On 13 February 2012 05:12, Stephen J. Turnbull <stephen@xemacs.org> wrote:
Paul Moore writes:
> I'm now 100% convinced that > encoding="ascii",errors="surrogateescape" is the way to say this in > code.
It probably is, for you. If that ever gives you a UnicodeError, you know how to find out how to deal with it. And it probably won't.<wink/>
And yet, after your earlier posting on latin-1, and your comments here, I'm less certain. Thank you so much :-) Seriously, I find these discussions about Unicode immensely useful. I now have a much better feel for how to deal with (and think about) text in "unknown but mostly ASCII" format, which can only be a good thing.
I don't think either argument applies to everybody who needs such a recipe, though. Many will be best served with encoding='latin-1' by some name.

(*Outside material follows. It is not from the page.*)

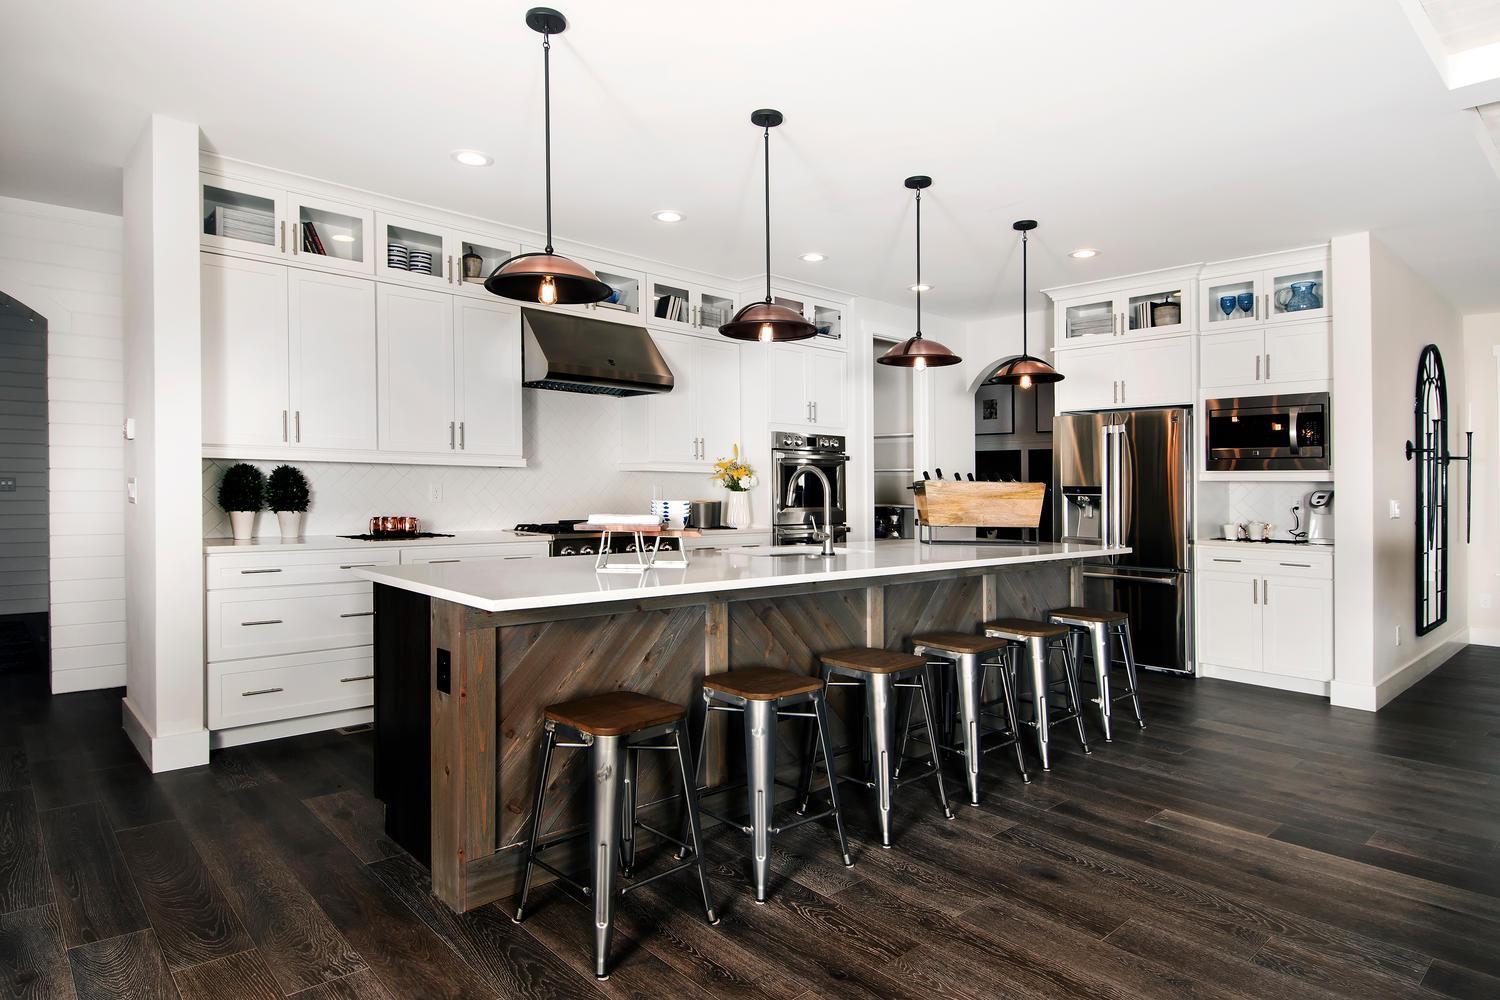 DreamFinders model home kitchen | Inspiration community near Parker CO
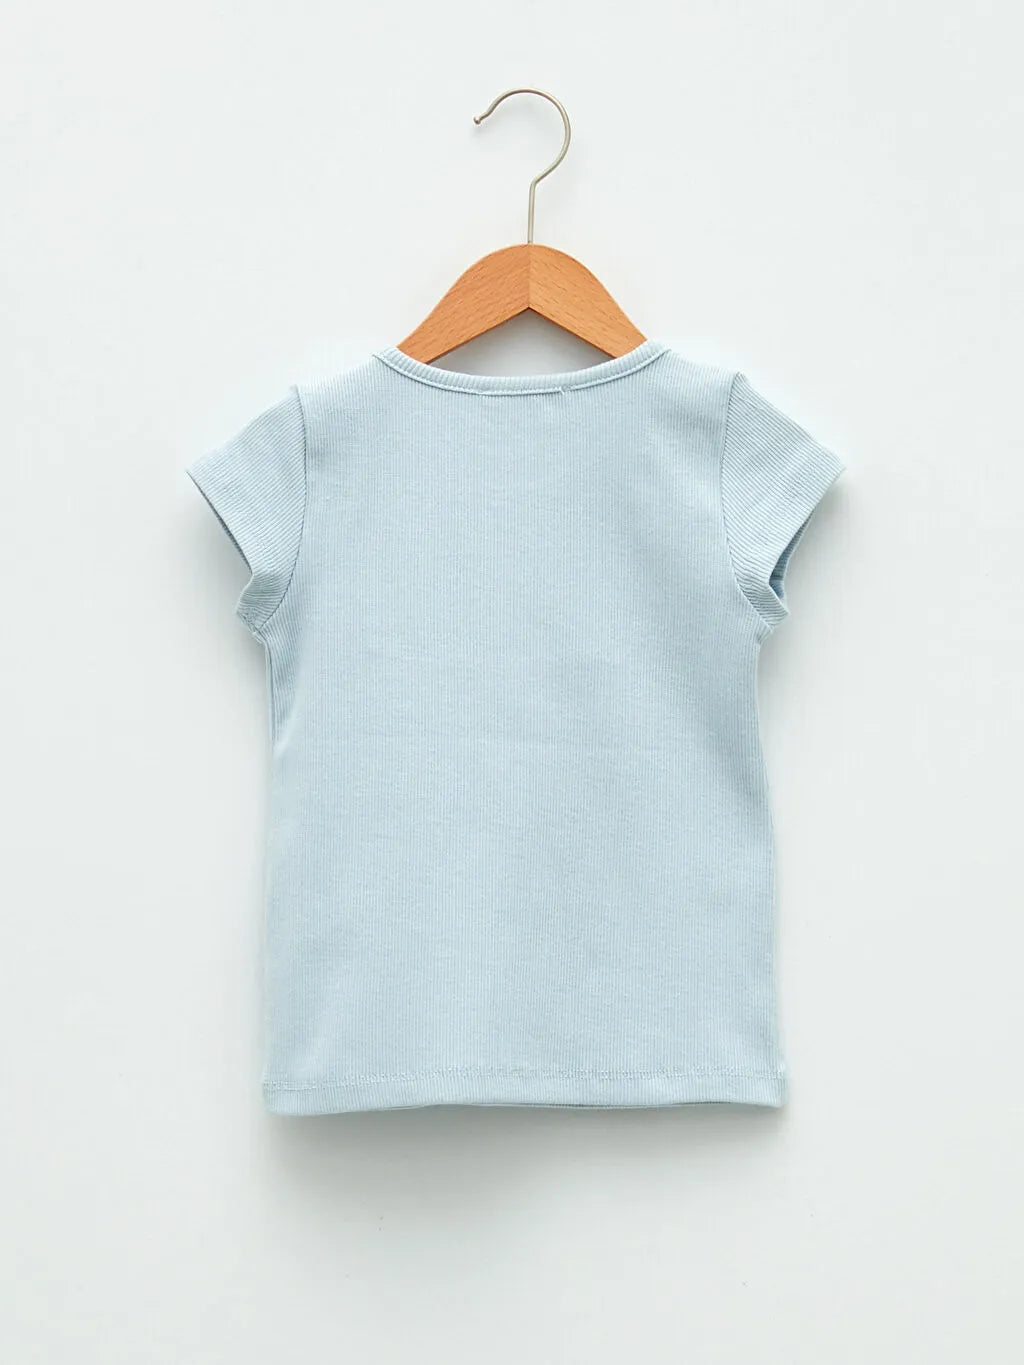 Crew Neck Scalloped Detailed Short Sleeve Cotton Baby Girl T-Shirt

Probably the key question is, how do we encapsulate this debate in a simple form suitable for people to find out about *without* feeling like they "have to learn all about Unicode"? A note in the Unicode HOWTO seems worthwhile, but how to get people to look there? Given that this is people who don't want to delve too deeply into Unicode issues. Just to be clear, my reluctance to "do the right thing" was *not* because I didn't want to understand Unicode - far from it, I'm interested in, and inclined towards, "doing Unicode right". The problem is that I know enough to realise that "proper" handling of files where I don't know the encoding, and it seems to be inconsistent sometimes (both between files, and even on occasion within a file), is a seriously hard issue. And I don't want to get into really hard Unicode issues for what, in practical terms, is a simple problem as it's one-off code and minor corruption isn't really an issue. Paul.